HtmlSaveOptions newOptions = new HtmlSaveOptions();

newOptions.RasterImagesSavingMode = HtmlSaveOptions.RasterImagesSavingModes.AsEmbeddedPartsOfPngPageBackground;

newOptions.FontSavingMode = HtmlSaveOptions.FontSavingModes.SaveInAllFormats;

newOptions.PartsEmbeddingMode = HtmlSaveOptions.PartsEmbeddingModes.EmbedAllIntoHtml;

newOptions.LettersPositioningMethod = HtmlSaveOptions.LettersPositioningMethods.UseEmUnitsAndCompensationOfRoundingErrorsInCss;

newOptions.SplitIntoPages = false;// force write HTMLs of all pages into one output document

newOptions.CustomHtmlSavingStrategy = new HtmlSaveOptions.HtmlPageMarkupSavingStrategy(SavingToStream);

//we can use some non-existing puth as result file name - all real saving will be done

//in our custom method SavingToStream() (it's follows this one)
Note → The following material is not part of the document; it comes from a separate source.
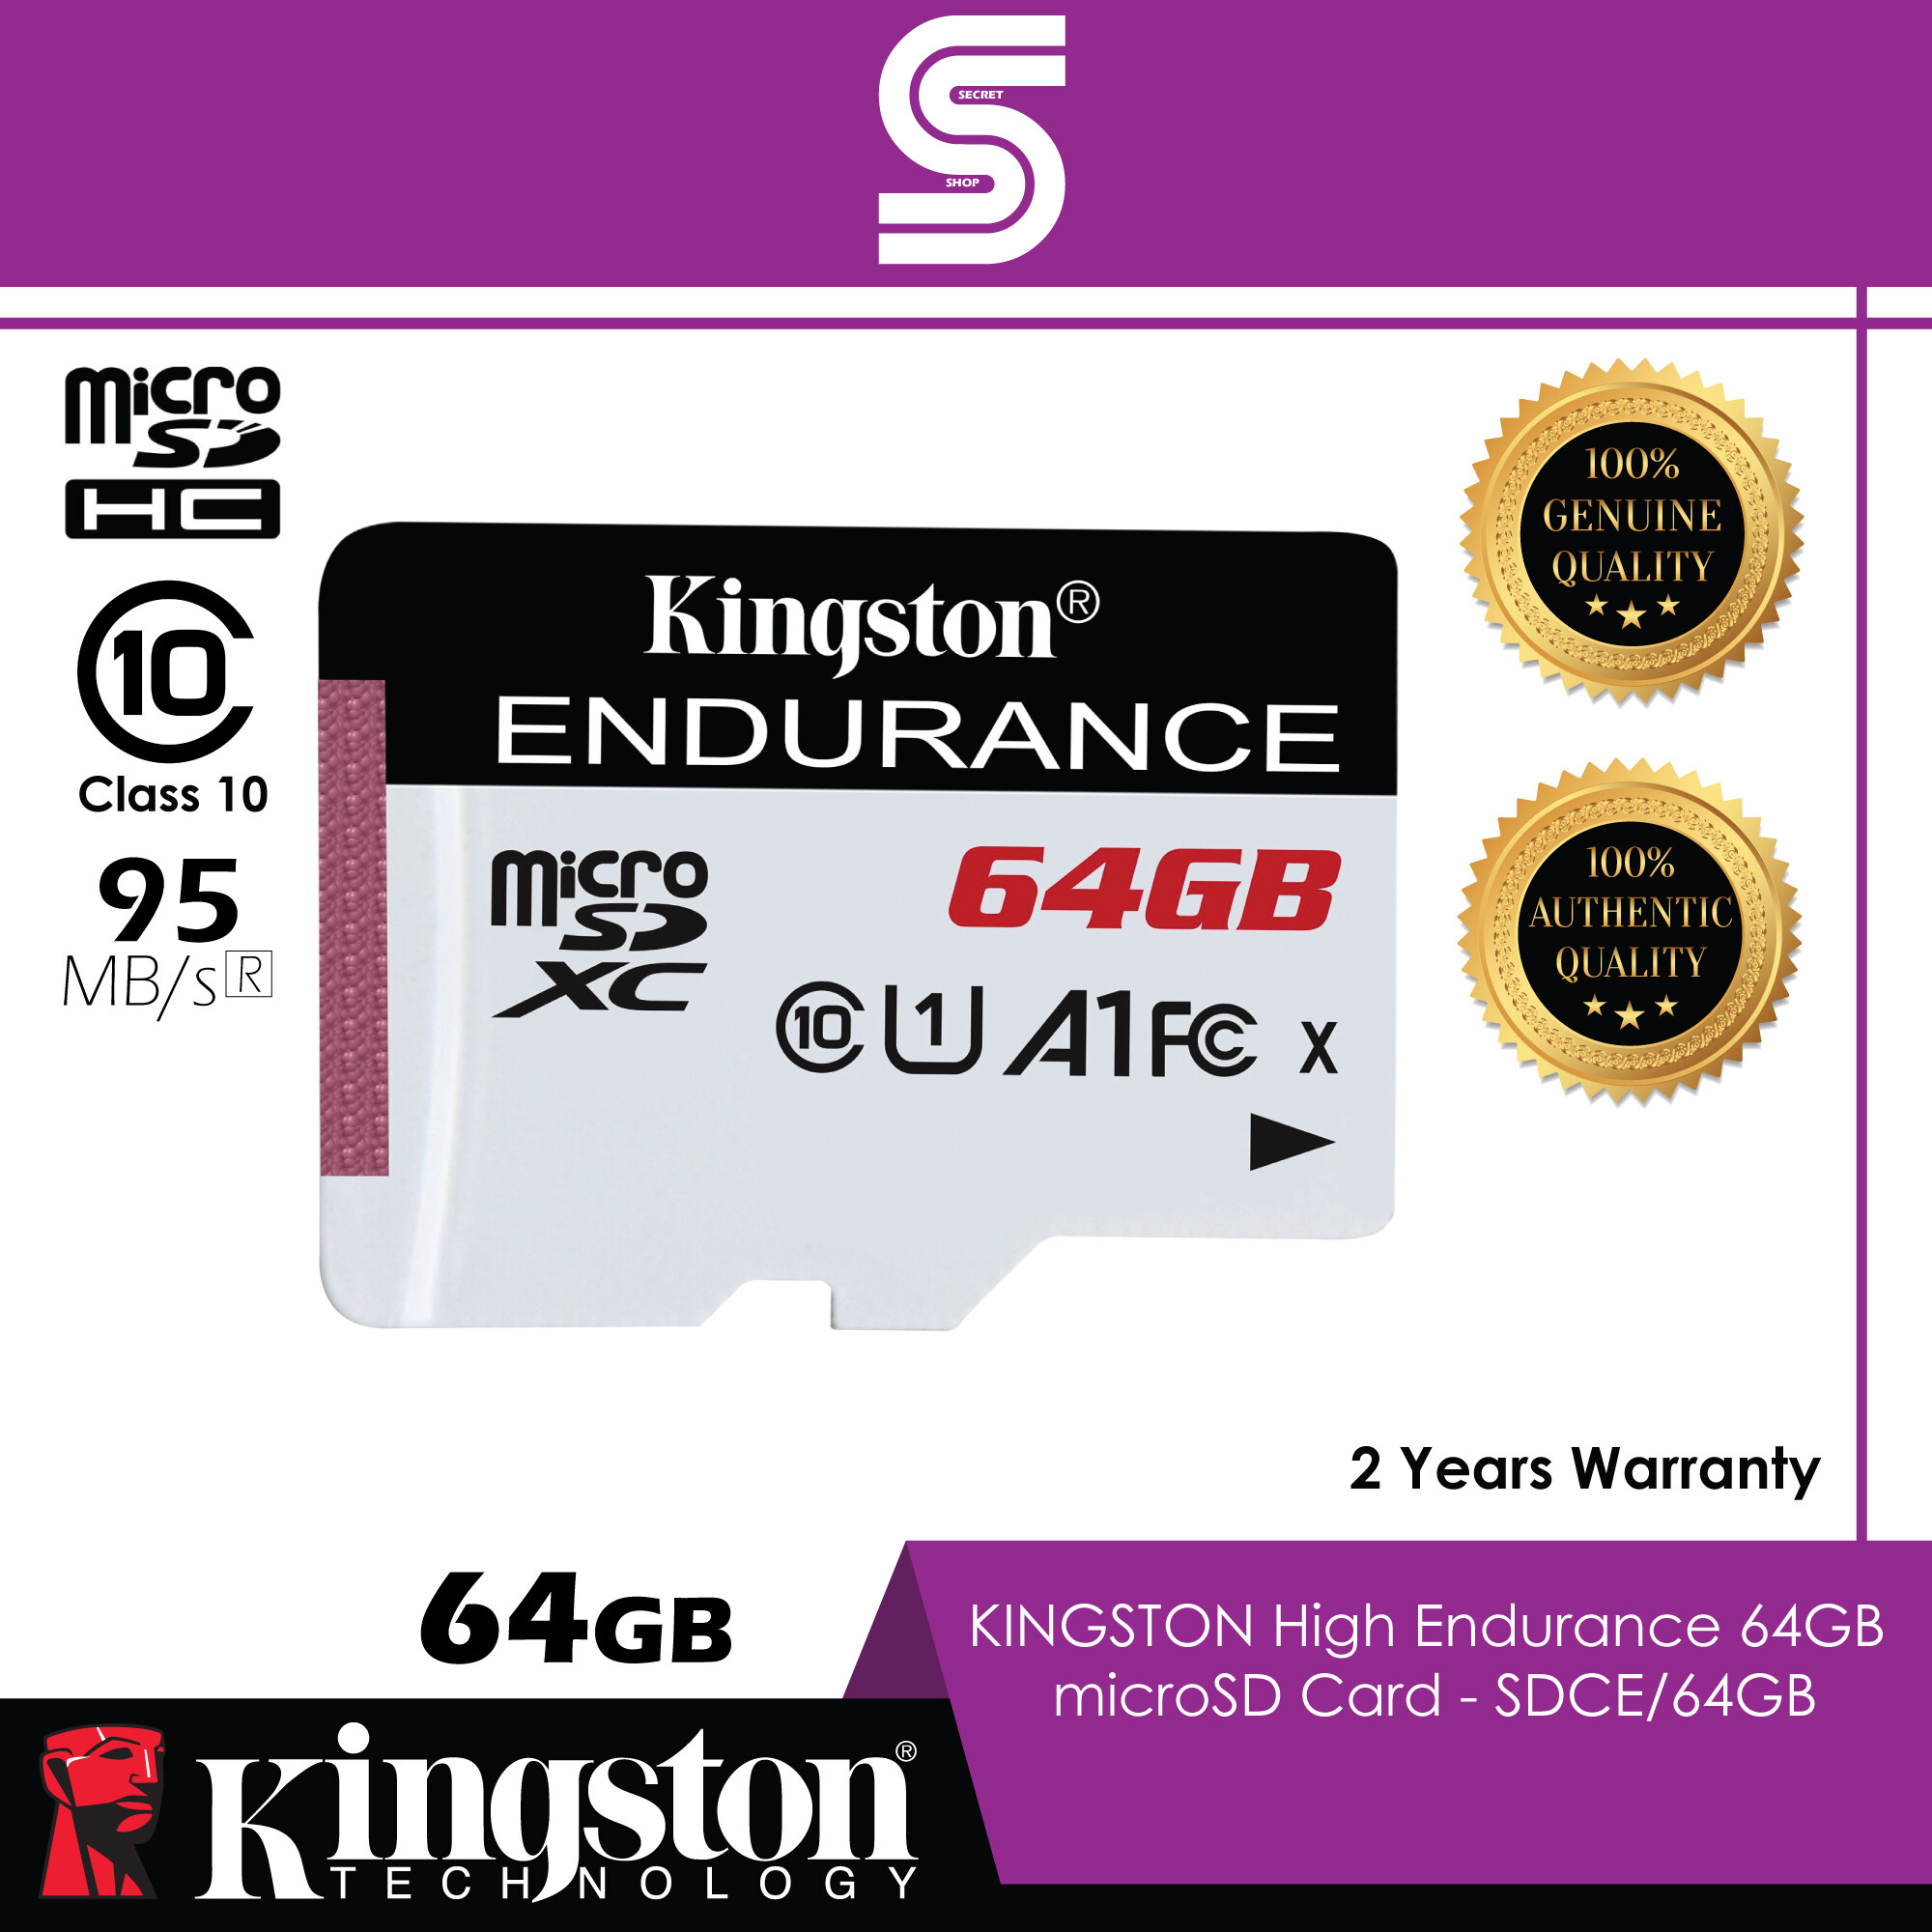 Kingston High Endurance 64GB microSD Card - SDCE/64GB

string outHtmlFile = @"Z:\SomeNonExistingFolder\SomeUnexistingFile.html";

doc.Save(outHtmlFile, newOptions);

MemoryStream stream = new MemoryStream();

doc.Save(stream);

byte[] buffer = new byte[16 * 1024];

using (MemoryStream ms = new MemoryStream())

{

int read;

while ((read = stream.Read(buffer, 0, buffer.Length)) > 0)

{

ms.Write(buffer, 0, read);

}

ms.ToArray();

}

Console.WriteLine(buffer.Length);

stream.Close();

private static void SavingToStream(HtmlSaveOptions.HtmlPageMarkupSavingInfo htmlSavingInfo)

{

byte[] resultHtmlAsBytes = new byte[htmlSavingInfo.ContentStream.Length];

htmlSavingInfo.ContentStream.Read(resultHtmlAsBytes, 0, resultHtmlAsBytes.Length);

// here You can use any writable stream, file stream is taken just as example

string fileName = "stream_out.html";

Stream outStream = File.OpenWrite(fileName);

outStream.Write(resultHtmlAsBytes, 0, resultHtmlAsBytes.Length);

}